Takes an hour to the GG Bridge in the best of traffic and some minor disregard for the speed limits.
How Learning Languages Turned Die By Wire's Heroine Into A Sniper
"Love tulips, puppies, long walks on the beach, fine wine, foreign travel and killing bad, evil mofos." — From Mira Longbow's profile at her Guardian Sniper blog
Without a gift for languages, Mira Longbow would never have become a Guardian Sniper, and would never have been the heroine and star of Die By Wire. When we look back, we can all see that the trajectories of our all lives have their arcs nudged and altered by actions and events beyond our control. We can turn these to our advantage only by recognizing them.
The following excerpts show the series of linguistic events that led Mira Longbow to the present day.
WHY SO MANY EXCERPTS FROM SO MANY CHAPTERS?
Too much explanatory material slows down the action. Plus, it would read like a resume, not a thriller.
The trick is to keep the explanations short and to work them into the action, in a context that makes sense.

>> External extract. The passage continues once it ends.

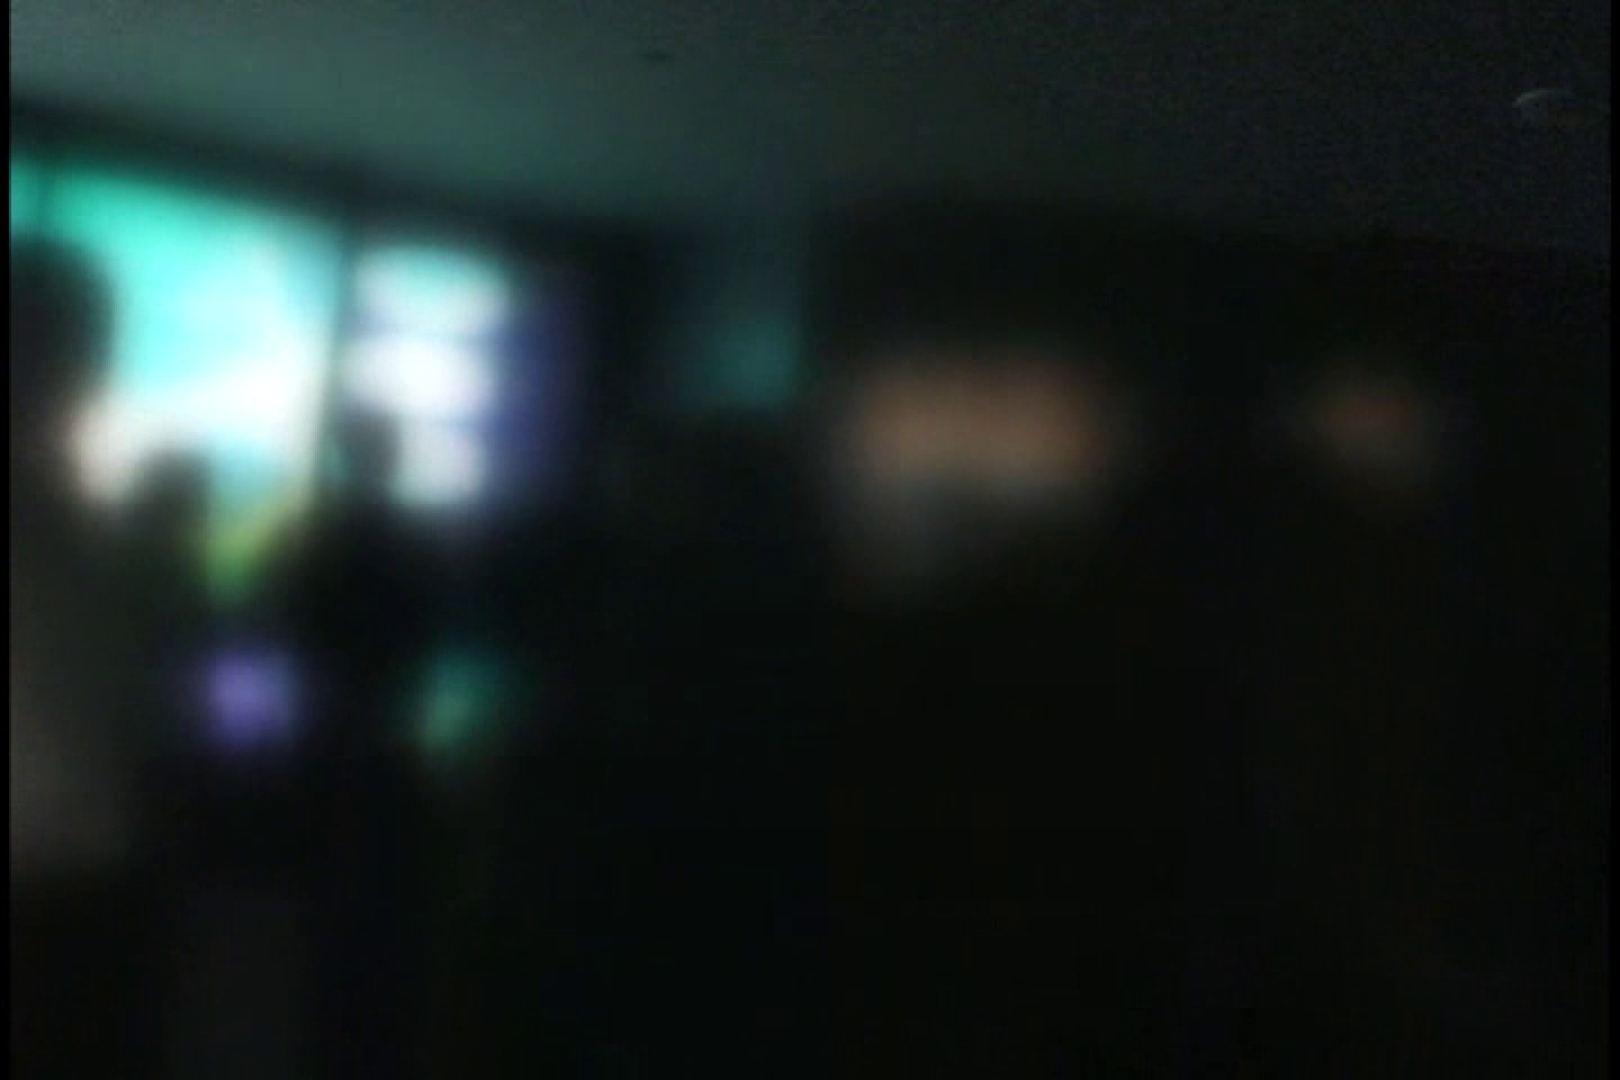 JDハンター全国ツアー vol.025 前編 HなOL おめこ無修正画像 89pic 34
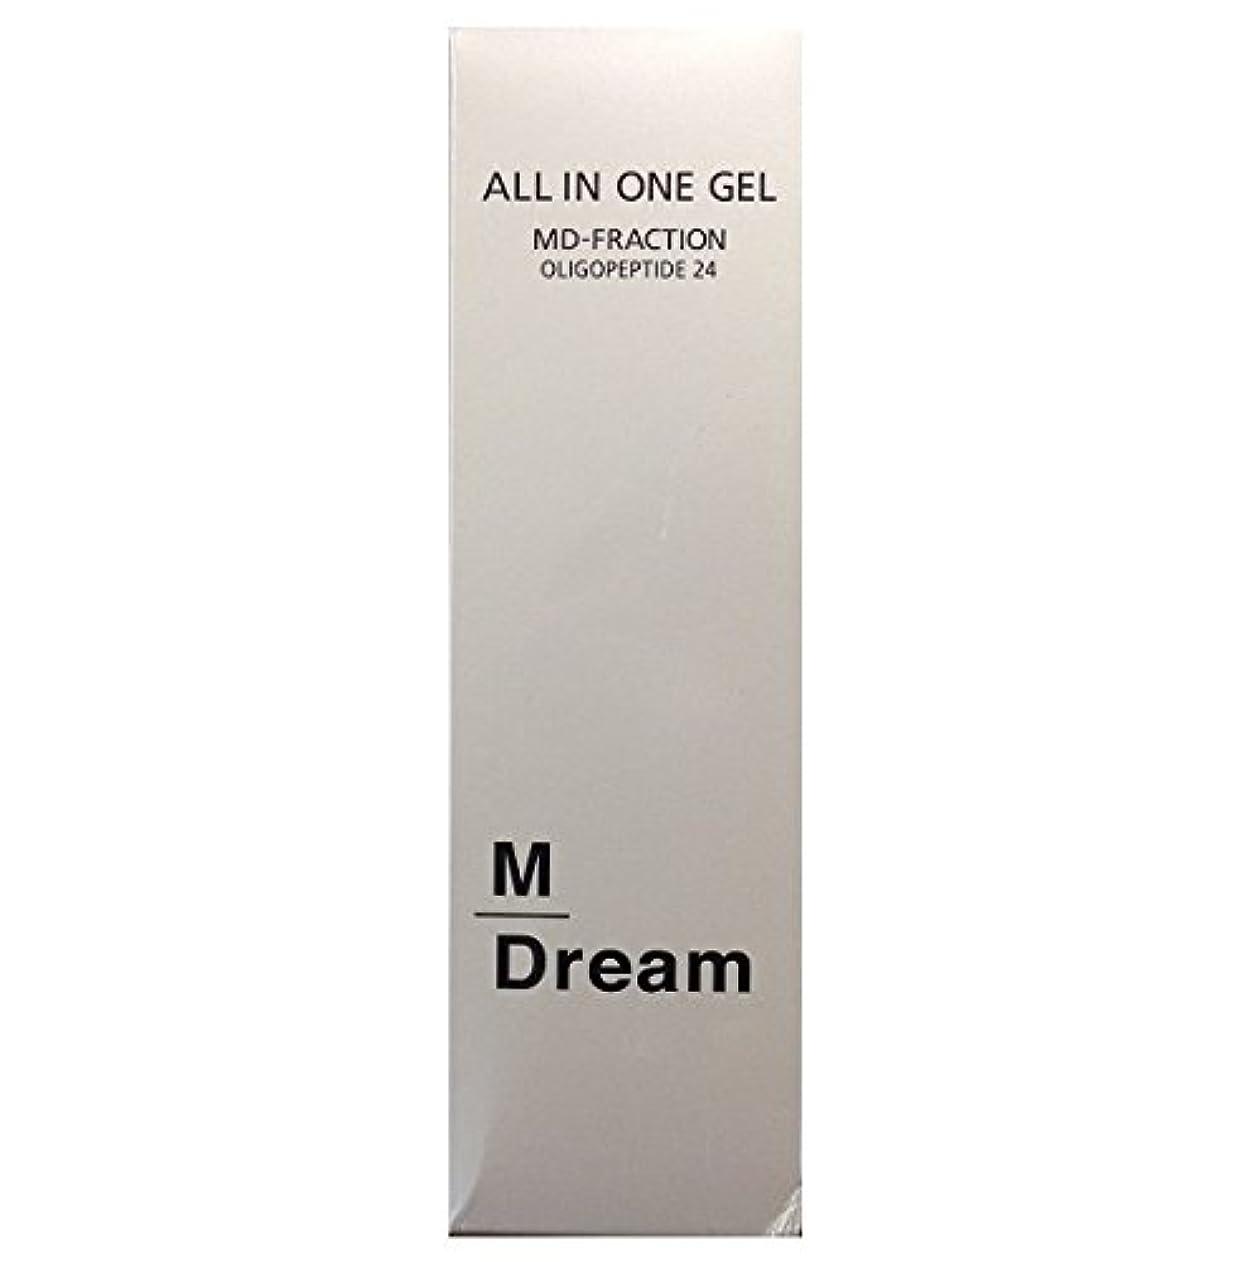 エムスリー MDオールインワンジェル M Dream

Alas, favorite parts often run too long and have to be edited out. In the very last part on how Mira learns languages, I have followed the final text from the book with the full text in the previous draft. The objective in the edits is to cut in a way that retains the a sense of the character.
Finally, these excerpts are, obviously, without context. I have added some context by [putting words in italicized brackets.] One other bit of important context that has nothing to do with foreign languages: Mira grew up in the Finger Lakes region of Western New York State and learned deer hunting from her father. Mira had a reputation of being a dead shot even then. She graduated from Corning Community College with a degree in criminal justice and had been accepted to the New York State police academy. She enlisted in the U.S. Army on 9/12.
MIRA'S JOURNEY: EXCERPTS FROM
DIE BY WIRE
[Hero Jackson Day's terse assessment of Mira:] "Languages. A dead-on sniper. A philosophy degree. A military cop who could kick your butt up between your shoulder blades. WTF?"
WHAT GOT MIRA INTERESTED IN LANGUAGES? FROM THE PROLOGUE
Two years into her enlistment Mira had been buried with public affairs assignments — women's work — until the night she took down bad-ass Master Sergeant Dan Brown who'd been big, bad and disorderly. She single-handedly dropped him in a matter of seconds with her bare hands: no baton, no pepper spray, no sidearm.
Respect came immediately. Some joked about the Xena in their midst. But Mira was no Amazon, just an intensely motivated, highly fit, five-foot-nine redhead. She ran, worked out, fought smart and did her best to keep her generous curves out of the equation.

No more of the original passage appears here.